Each line in the entries below that holds the word "speed" belongs in the answer.

%%

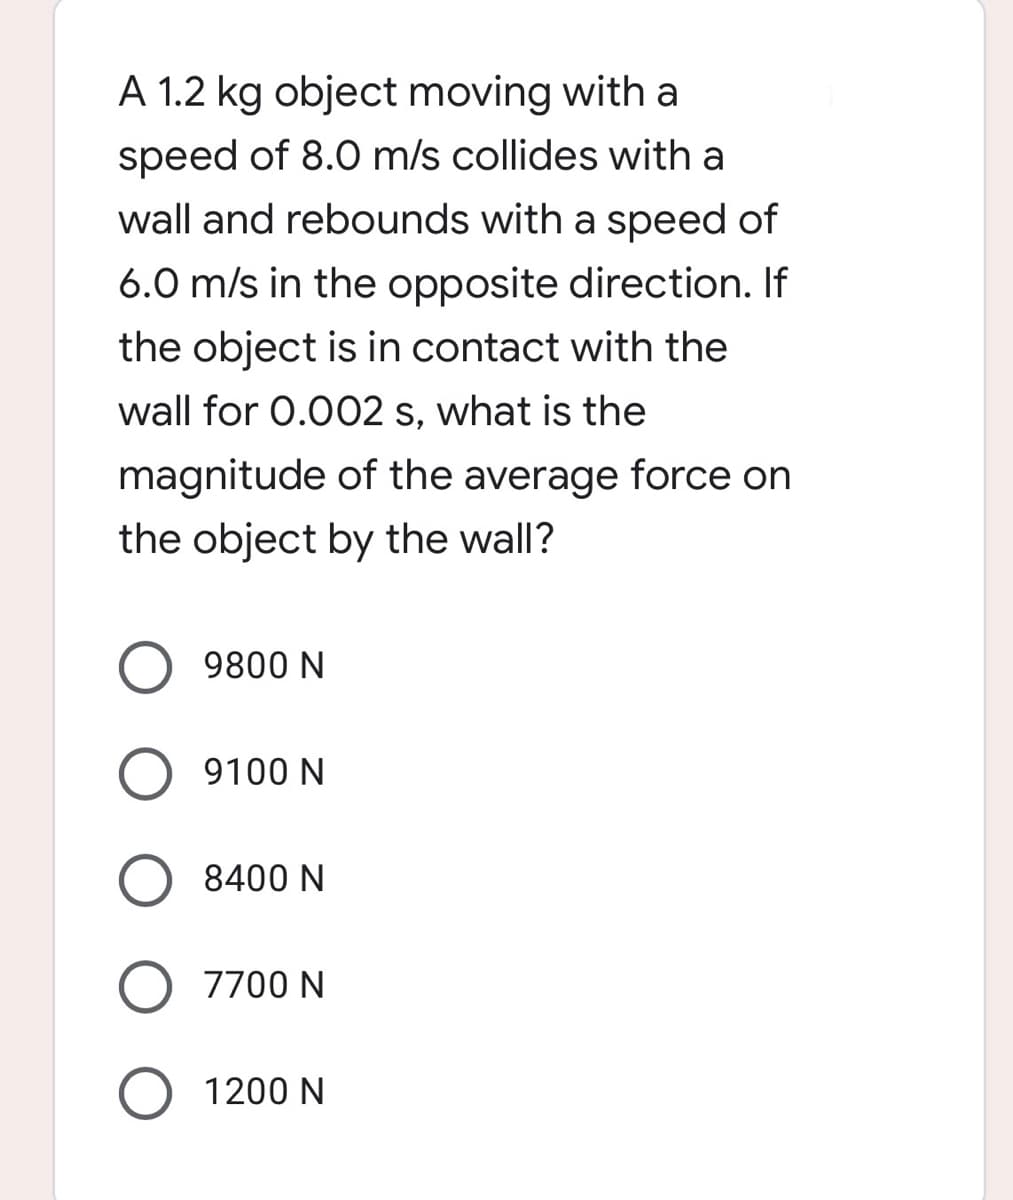 A 1.2 kg object moving with a
speed of 8.0 m/s collides with a
wall and rebounds with a speed of
6.0 m/s in the opposite direction. If
the object is in contact with the
wall for 0.002 s, what is the
magnitude of the average force on
the object by the wall?
9800 N
O 9100 N
8400 N
O 7700 N
O
1200 N

%%

* [Response box]:
speed of 8.0 m/s collides with a
wall and rebounds with a speed of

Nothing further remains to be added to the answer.